Magnetic Inclination Evolution of Accreting Neutron Stars in Intermediate/Low-Mass X-ray Binaries

TL;DR

This study models the long-term evolution of magnetic inclination angles in accreting neutron stars within binary systems, revealing dependencies on initial conditions and mass transfer history, with implications for various observed X-ray sources.

Contribution

It introduces a comprehensive simulation of magnetic inclination evolution in accreting neutron stars, considering binary evolution and mass transfer effects, which was not systematically studied before.

Findings

Magnetic inclination angle evolution depends on initial binary parameters.

Mass transfer history influences the magnetic inclination evolution.

Distribution of inclination angles varies among different X-ray binary types.

Abstract

The magnetic inclination angle $\chi$, namely the angle between the spin and magnetic axes of a neutron star (NS), plays a vital role in its observational characteristics. However, there are few systematic investigations on its long-term evolution, especially for accreting NSs in binary systems. Applying the model of \citet{2021MNRAS.505.1775B} and the binary evolution code \mesa{}, we simultaneously simulate the evolution of the accretion rate, spin period, magnetic field, and magnetic inclination angle of accreting NSs in intermediate/low X-ray binaries (I/LMXBs).
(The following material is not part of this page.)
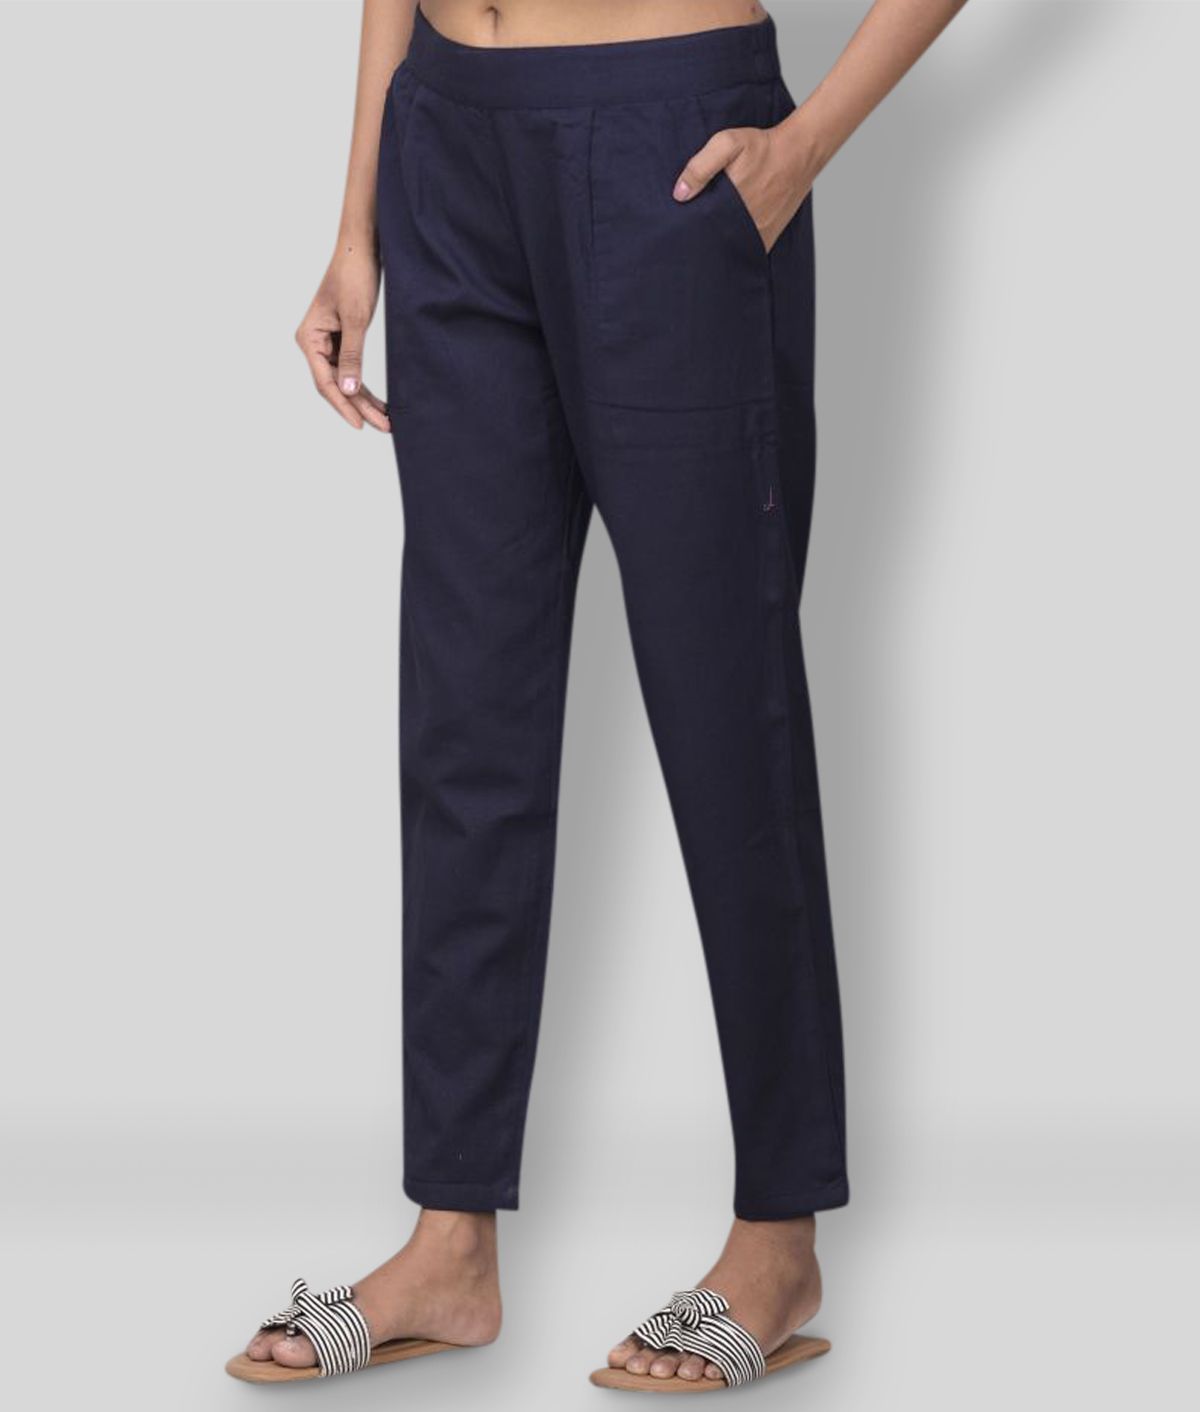 Alexa eva - Navy Blue Cotton Straight Fit Women's Cigarette Pants  ( Pack of 1 )
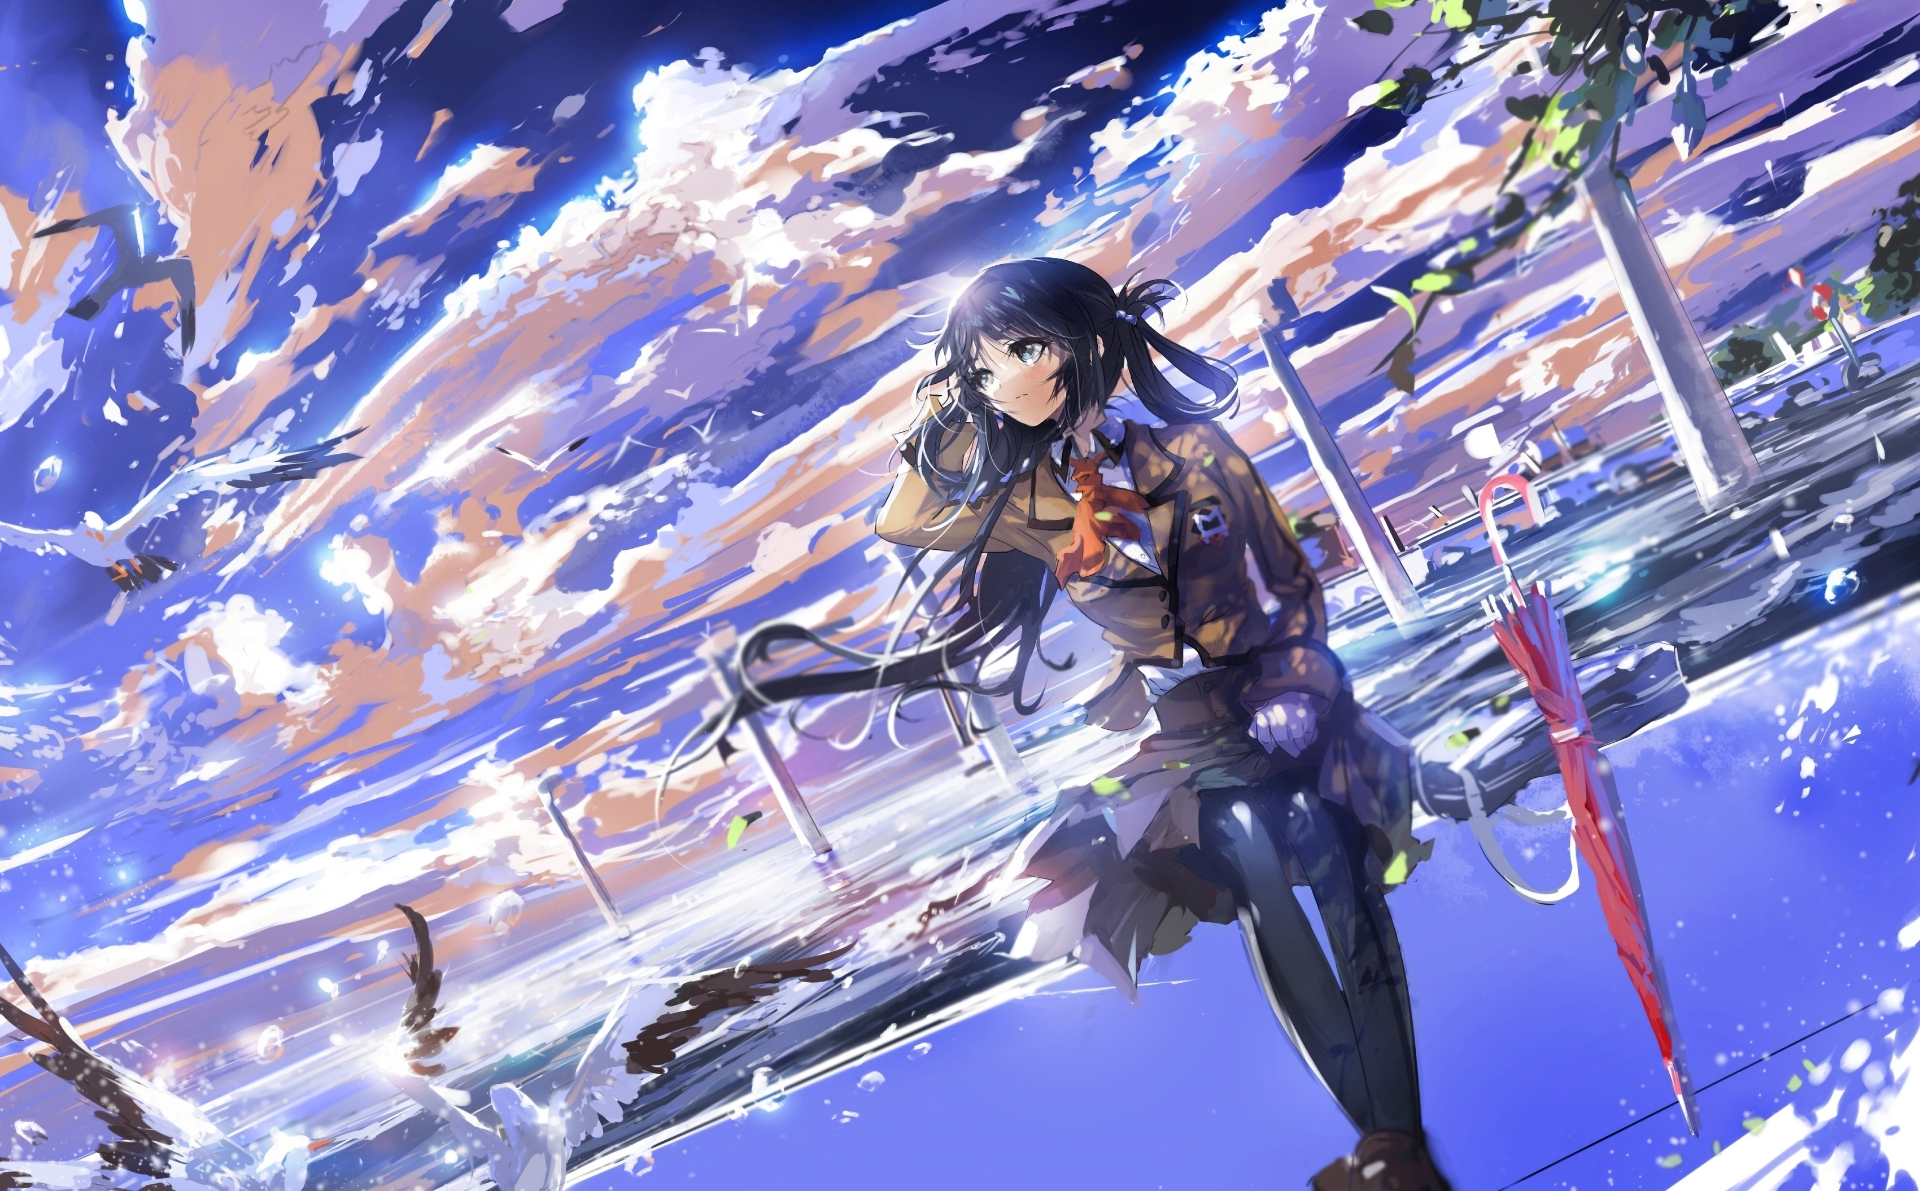 Wallpapers anime anime girls screenshot on the desktop

We show that the evolution of $\chi$ depends not only on the initial parameters of the binary systems, but also on the mass transfer history and the efficiency of pulsar loss. Based on the calculated results we present the characteristic distribution of $\chi$ for various types of systems including ultracompact X-ray binaries, binary millisecond pulsars, and ultraluminous X-ray sources, and discuss their possible observational implications.